Brown: The world must act on African poverty

Brown: The world must act on African poverty

Speaking during his four-nation tour of Africa Chancellor Gordon Brown repeated that 2005 is a “make or break year” for action on world poverty.

And he added that the world should not stand by whilst millions of children lack access to basic education.

Mr Brown is touring Africa to raise awareness of the UK’s presidency of the G8, and garner support for his plan of an international finance facility to help poor countries.

Mr Brown has called for a “new Marshall plan” for the continent – a reference to US-backed plan to rebuild Western Europe in the aftermath of the Second World War.

The visit began in Kenya, where Mr Brown met Wangari Maathai, the Nobel peace prize pro-democracy campaigner.

With Mrs Maathai he planted a tree at a park where she and three other women were brutally beaten by police in 1992.

He then held talks with Kenyan president, Mwai Kibaki.

In Nairobi, the Chancellor visited classrooms and met teachers at Olympic primary school on the edge of Kibera, one of Africa’s largest slum districts.

There he told teachers: “I am very proud of what you are doing.

“We want to work with you to provide universal primary education of the highest standard. We are delighted you are making such progress and we want to help you do more.”
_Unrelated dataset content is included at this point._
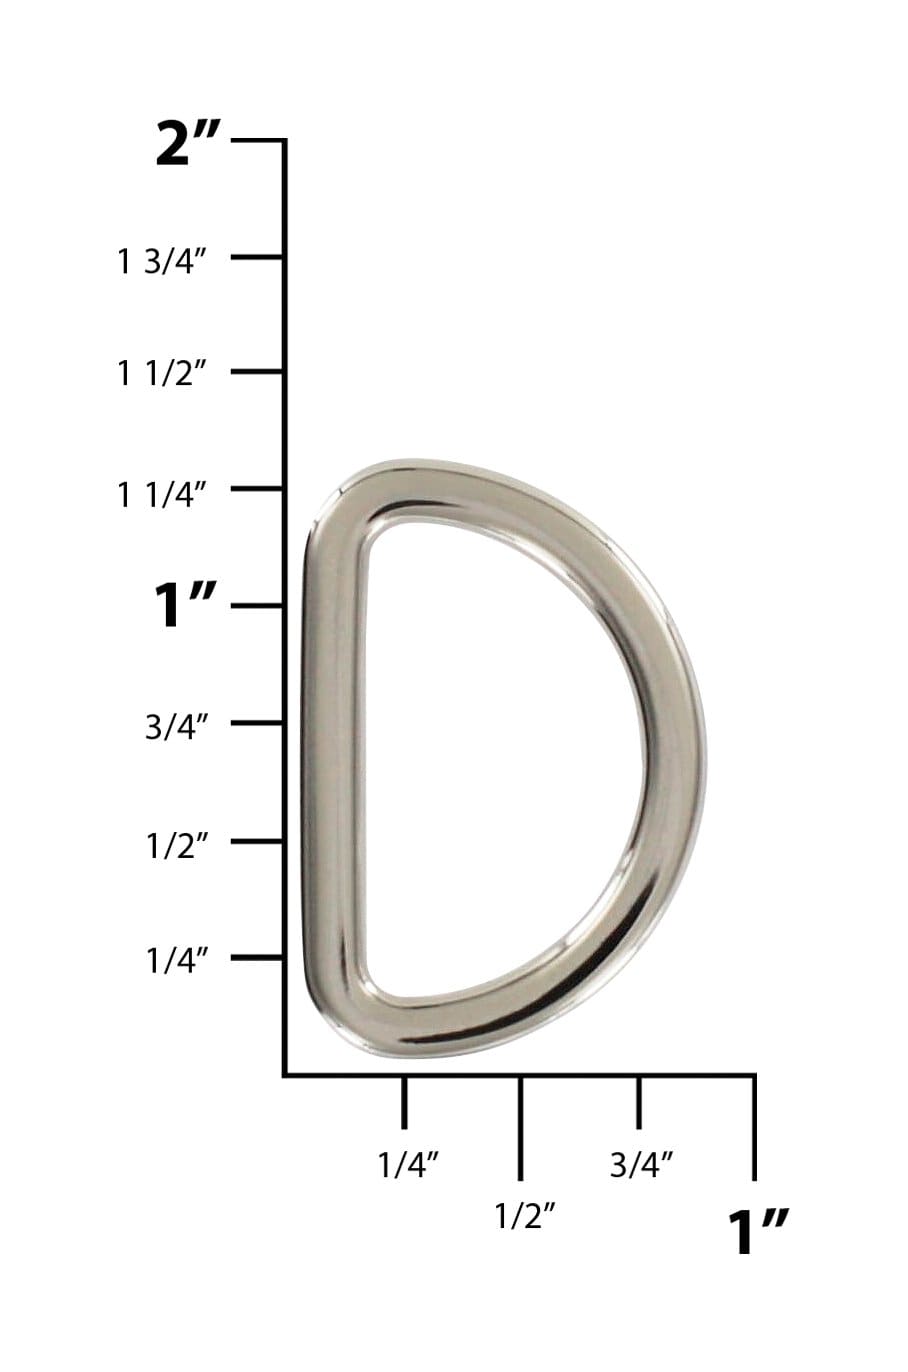 Ohio Travel Bag Rings & Slides 1" Nickel, Flat Cast D Ring, Zinc Alloy, #P-2561-NIC P-2561-NIC

He later told journalists: “It is simply not acceptable in the modern age for the rest of the world to stand by and have hundreds of millions of children not getting the chance at education.”

Mr Brown has said 2005 will be “a make or break year” in the fight against global poverty.

Mr Brown is also expected to visit Tanzania, Mozambique and South Africa on his week-long whistlestop tour.

He is expected to see a HIV/Aids orphanage in Tanzania and a women’s credit union in Mozambique before moving on to meet the Commission for Africa in Cape Town.

Michael Ancram, Shadow Foreign Secretary, acknowledged the laudable intention to help Africa escape poverty and oppression, but said Mr Brown’s “atlas” had “a gaping hole in that continent where mine shows Zimbabwe”.